When we forcus on EST-SSRs in tree species, the percentage of microsatellite-containing ESTs for angiosperm species is generally high and AG motif is more rich, compared to gymnosperm species. For five Eucalyptus species, average frequency of microsatellite-containing EST was 12.9% with AG motif most common (Yasodha et al., 2008). Quercus mongolica var. crispula had 248 microsatellite-containing potential unigenes (11.6%) in all 2140 potential unigenes, with AG motif most common (Ueno et al., 2008). C. sieboldii var. sieboldii in the present study (Tab. II) showd nealy the same trend as Q. mongolica. For Pinus taeda and P. pinaster, the percentage of SSR in their putative unigene was 1.2 and 2.1%, respectively (Chagné et al., 2004). The most common motif was AT and AG for P. taeda and P. pinaster, respectively. In P. pinaster, the occurrence of AT motof (47%) within di-SSR was nearly the same as that of AG motif (51%). Picea had only 183 contigs (0.93%) with at least one microsatellite in 20275 putative unigenes (Rungis et al., 2004), while Cryptomeria japonica had 163 (3.6%) unique di- and tri- SSRs in about 4500 cDNA clones (Moriguchi et al., 2003). For both Picea and C. japonica, AT motif was the most frequent.

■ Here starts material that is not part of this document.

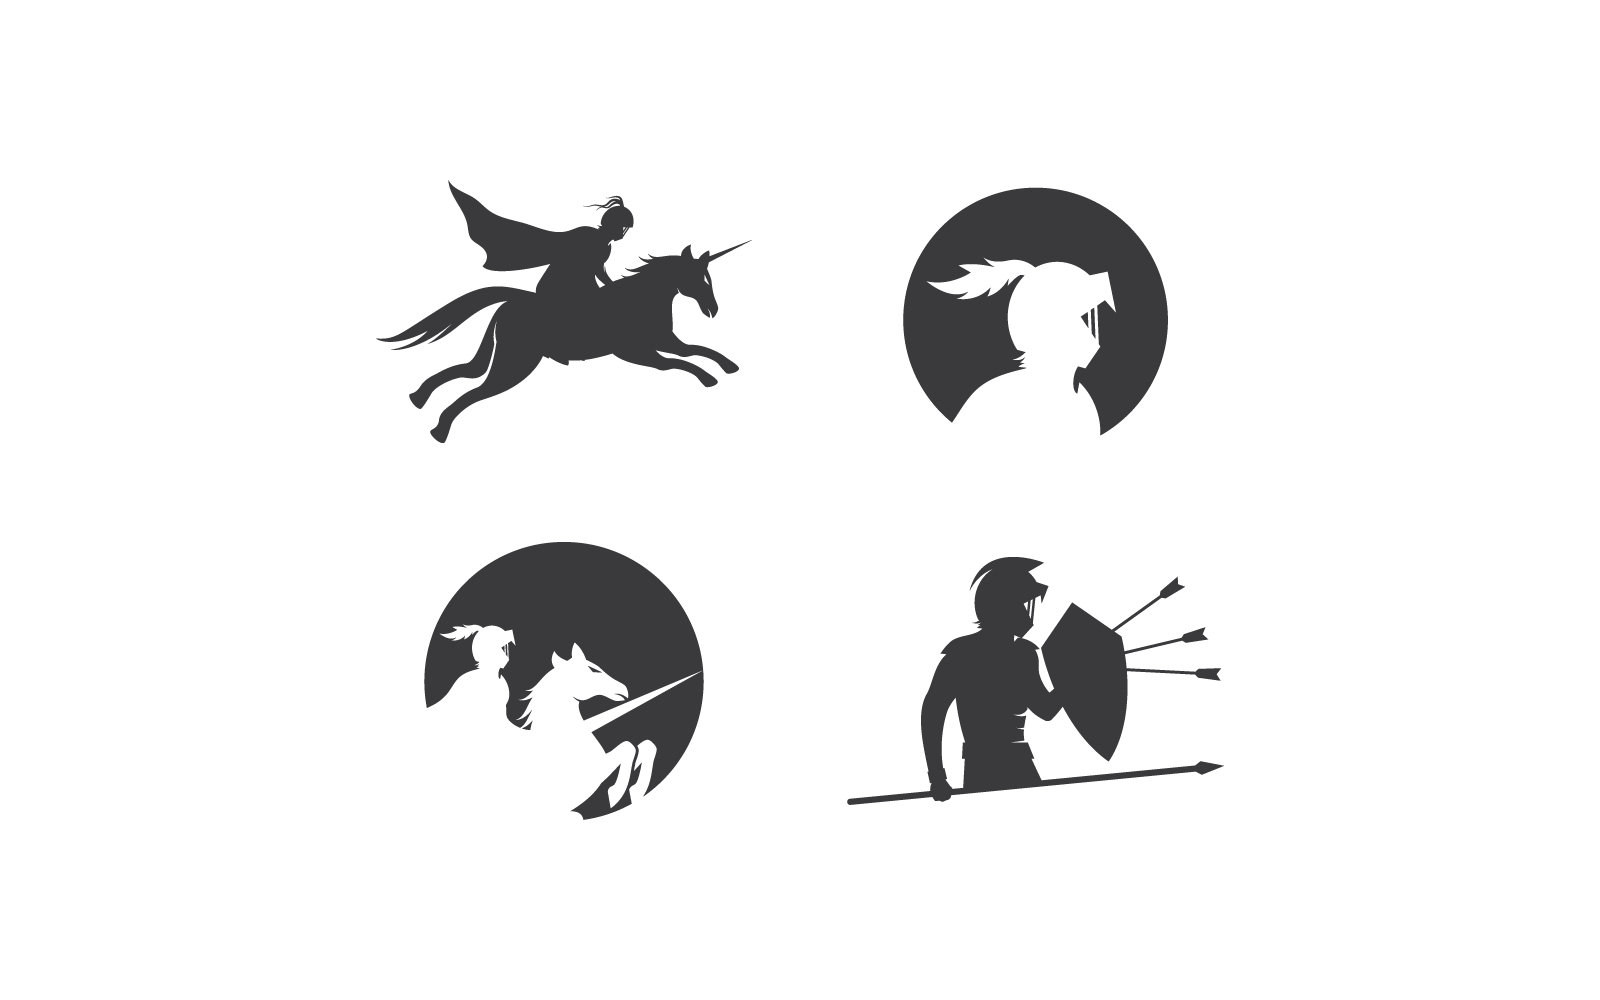 Horse knight hero logo vector illustration design

Functional analysis of the putative unigenes and EST-SSRs based on GO slim terms (Fig. 1) revealed that the EST-SSRs were significantly more frequent than would be expected by chance in nucleotide-binding proteins (GO:0003676). Thirty-one putative unigenes with microsatellites were in this category; of these, 11 and 20 were estimated to be located in the coding and non-coding regions, respectively. More than half of the microsatellite-containing putative unigenes in GO:0003676 category had similarities to transcription and translation-related proteins. Complex regulation and machinery, including many protein-protein and/or protein-nucleic acid interactions, are needed in such processes and microsatellite or mono amino acid repeats may be important. Previous analyses of Arabidopsis thaliana and Oryza sativa proteins have shown that amino acid repeats are also overrepresented in their transcription factors (Zhang et al., 2006). The other suggested functions of the remaining microsatellite-containing putative unigenes included histone, DNA repair, and ribosomal proteins. Analysis of inner bark EST of Quercus mongolica (Ueno et al., 2008), produced similar results, with the GO:0003676 category being overrepresented.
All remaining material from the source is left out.